BEGIN Record extracts

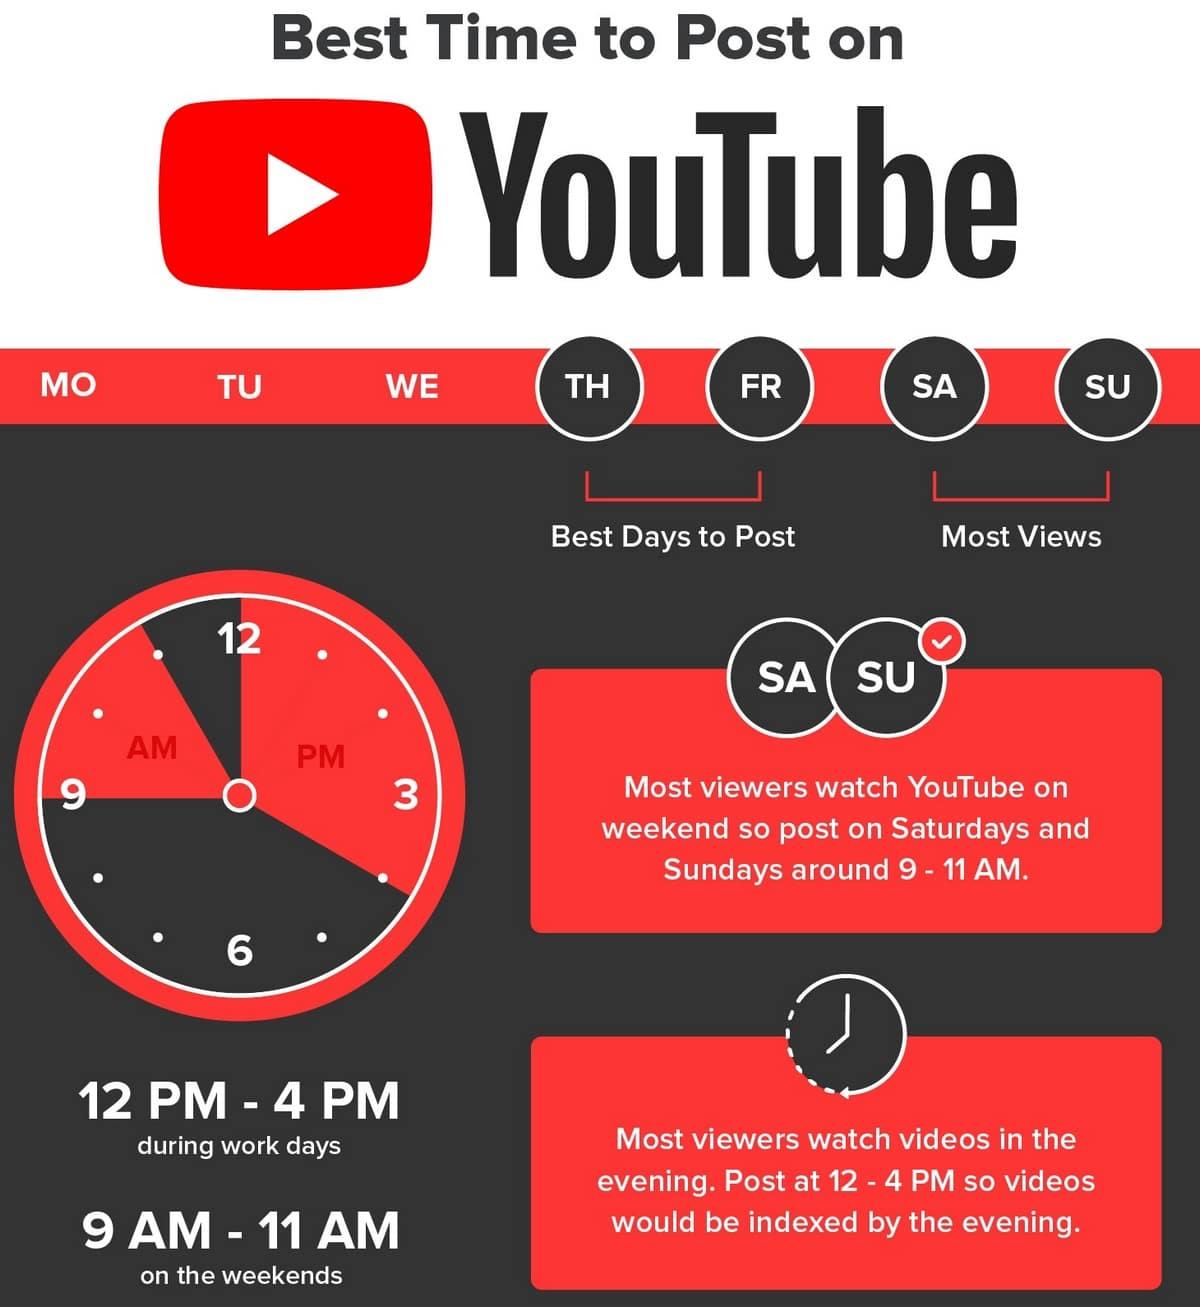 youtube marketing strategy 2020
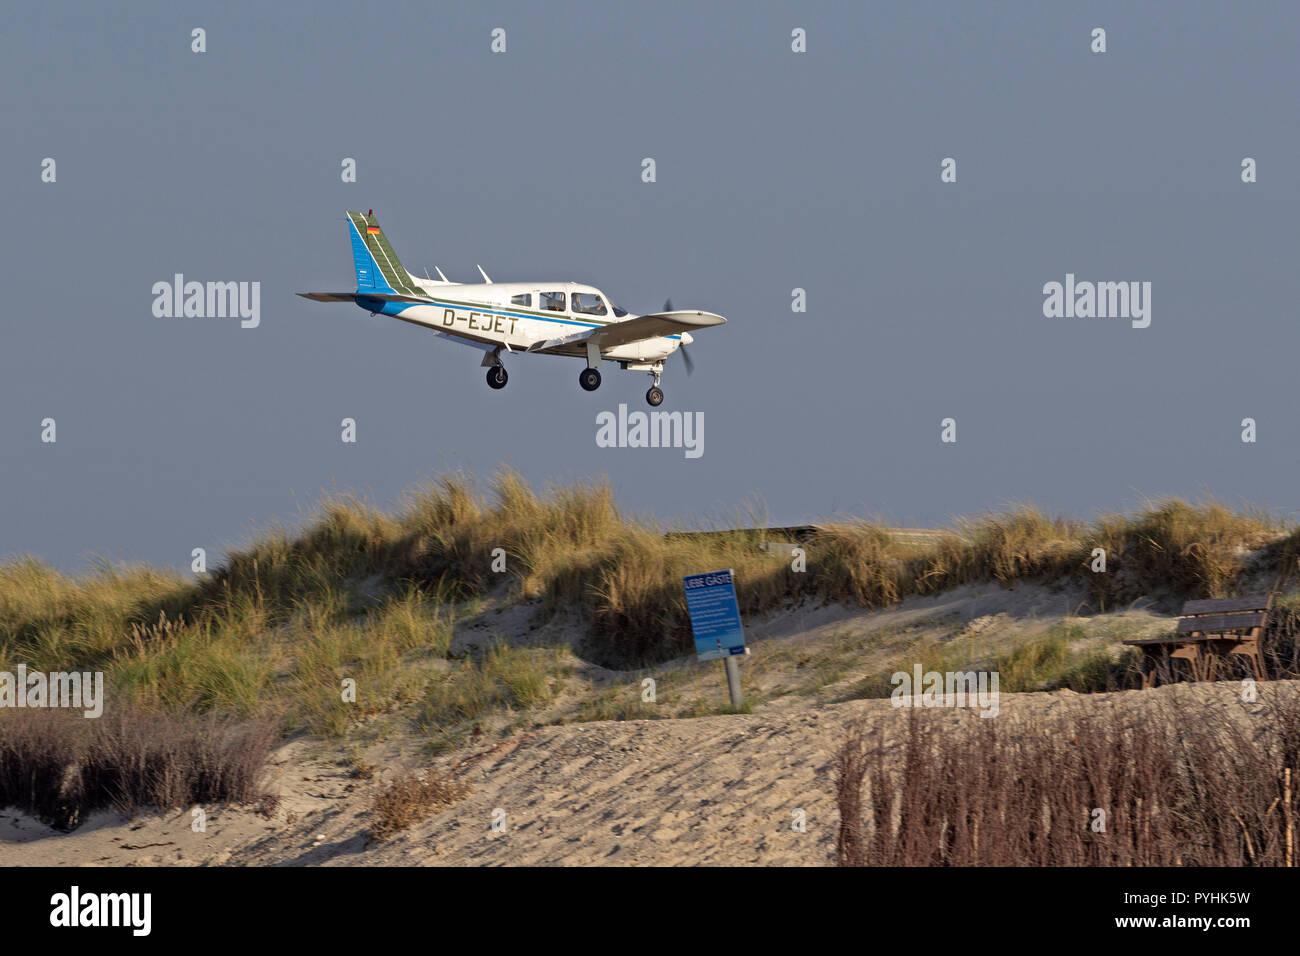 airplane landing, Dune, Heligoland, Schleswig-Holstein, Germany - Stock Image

END Record extracts
BEGIN Record extracts

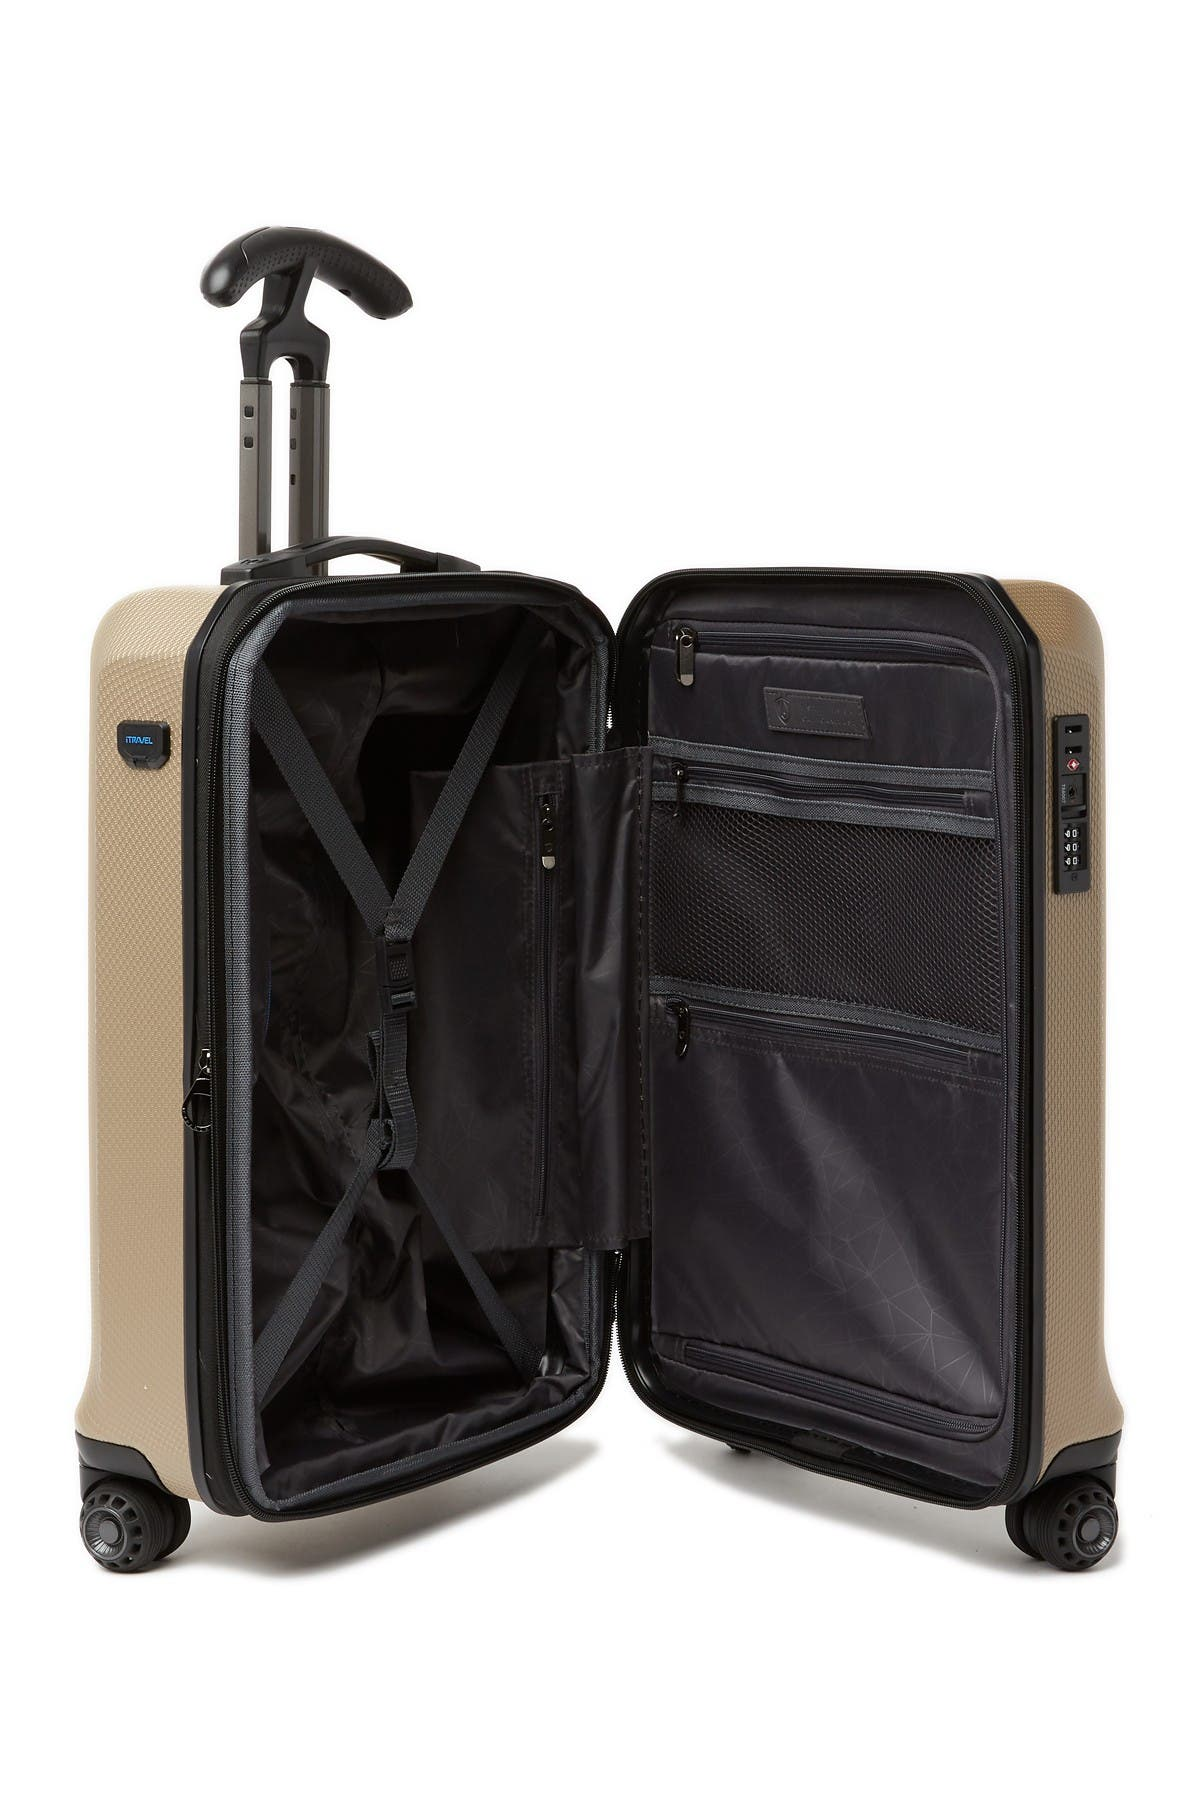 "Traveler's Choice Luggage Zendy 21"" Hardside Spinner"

END Record extracts
BEGIN Record extracts

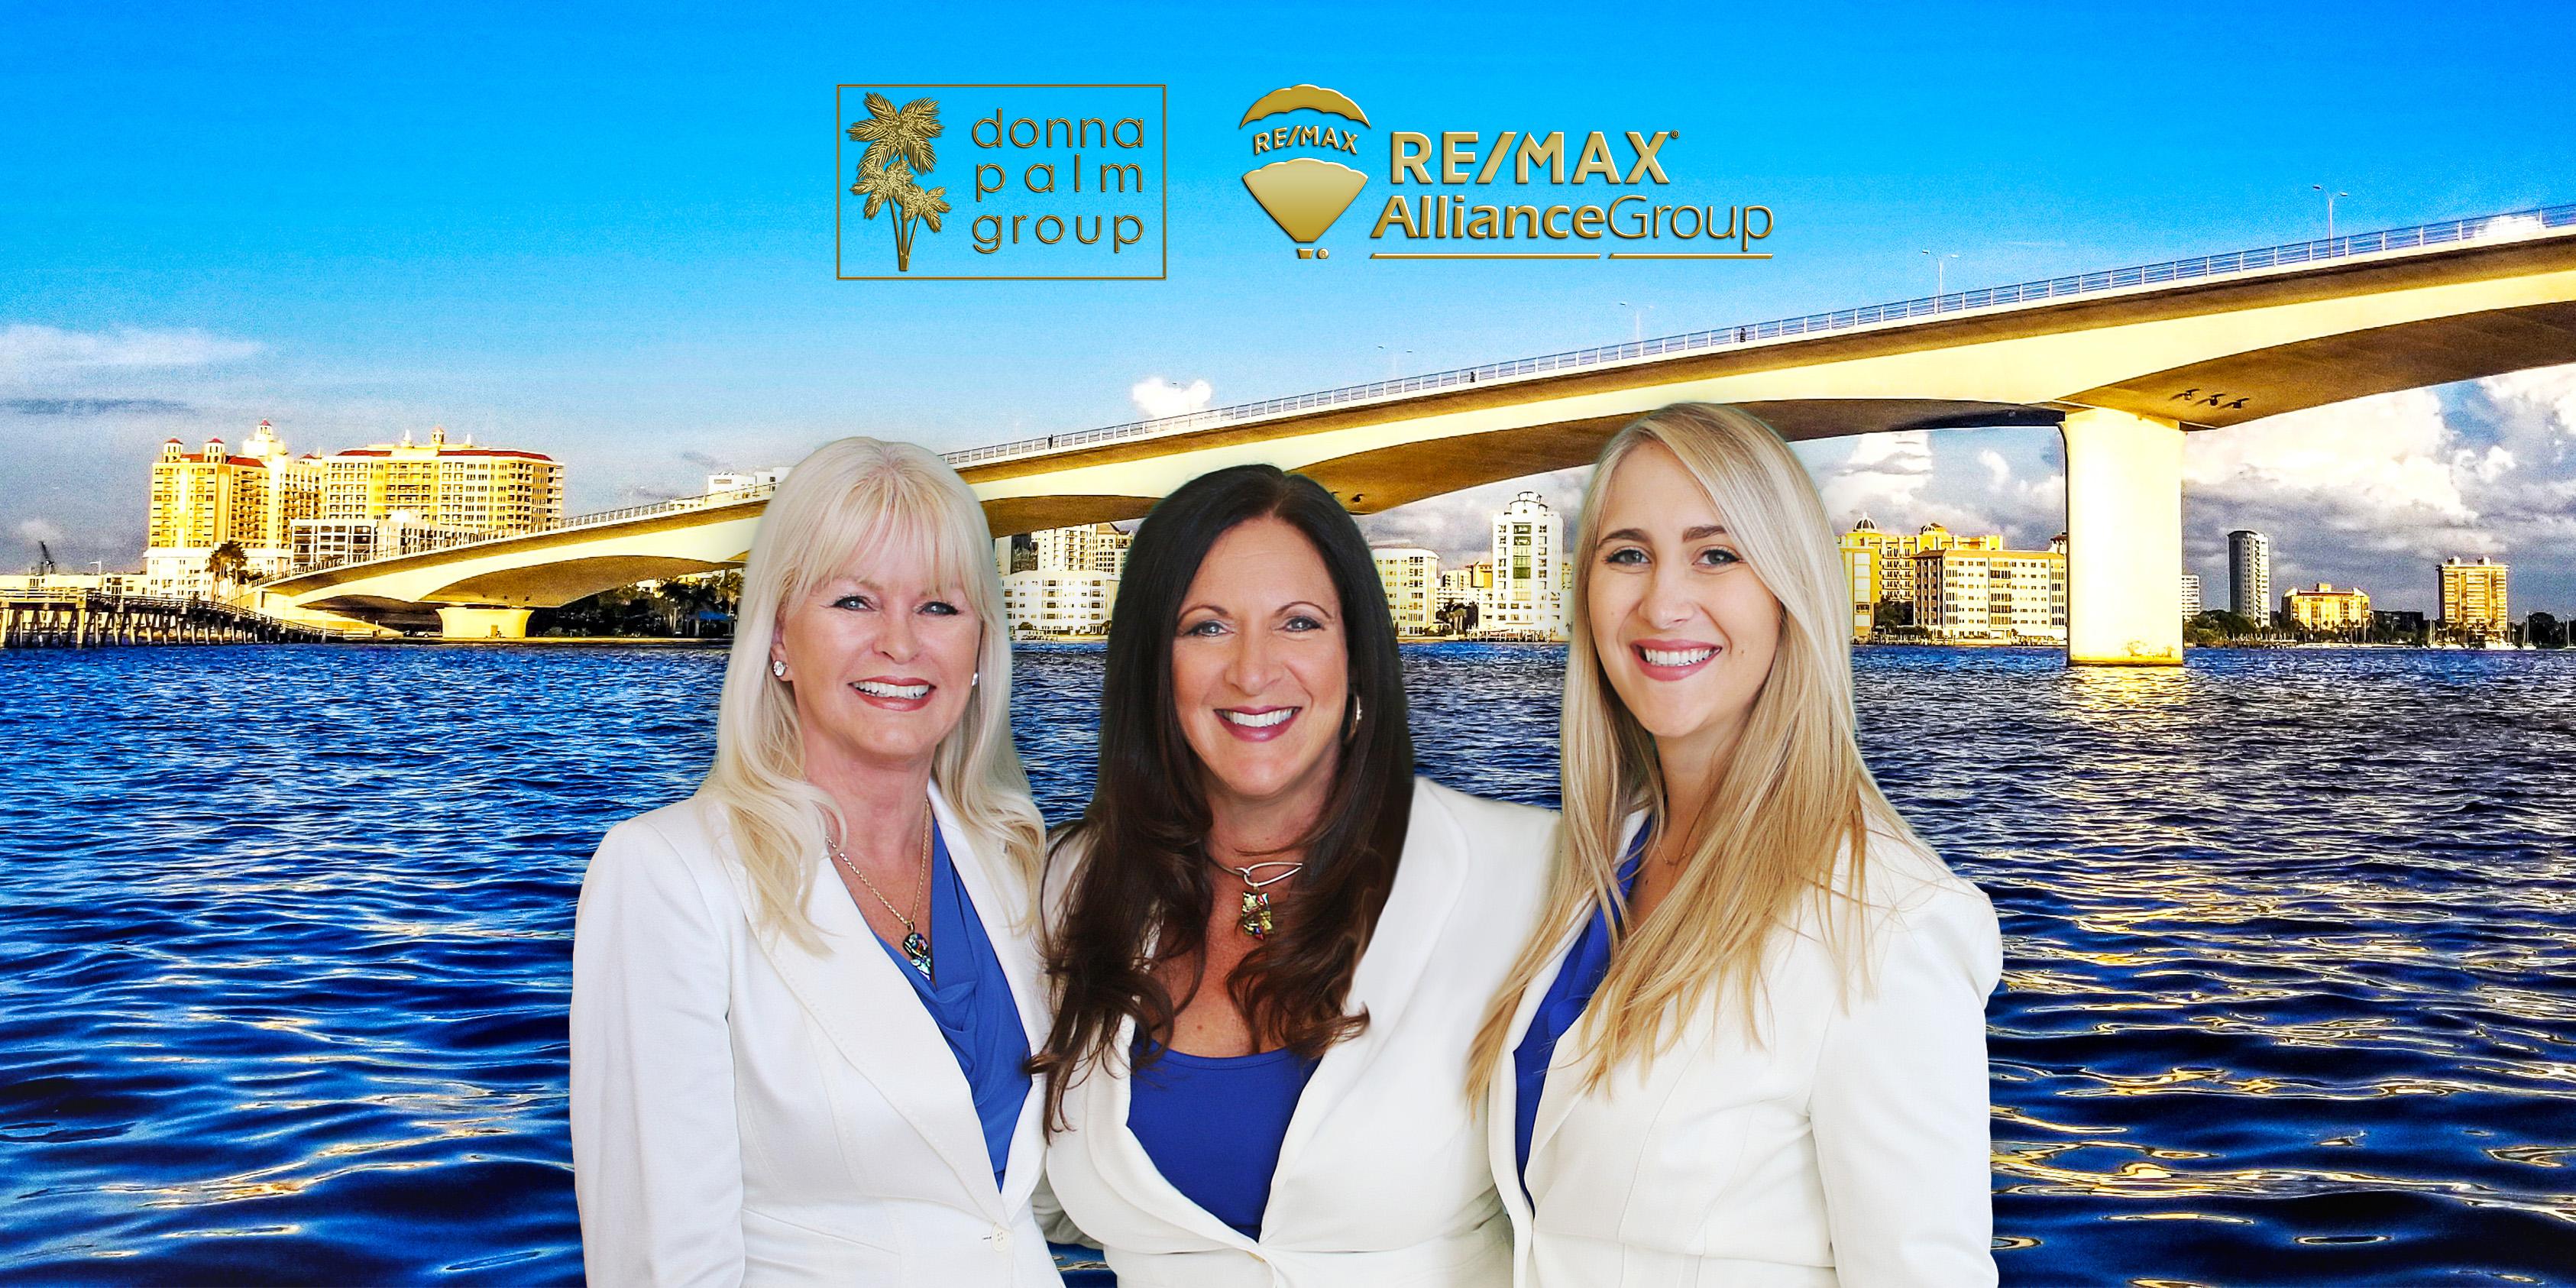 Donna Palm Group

END Record extracts

#### [Your assignment]
Print from the line containing "youtube marketing strategy 2020" through the line containing "airplane landing, Dune, Heligoland, Schleswig-Holstein, Germany" in the data above, exactly as the lines stand, and omit every picture.

#### [Expected answer]
 youtube marketing strategy 2020
 airplane landing, Dune, Heligoland, Schleswig-Holstein, Germany - Stock Image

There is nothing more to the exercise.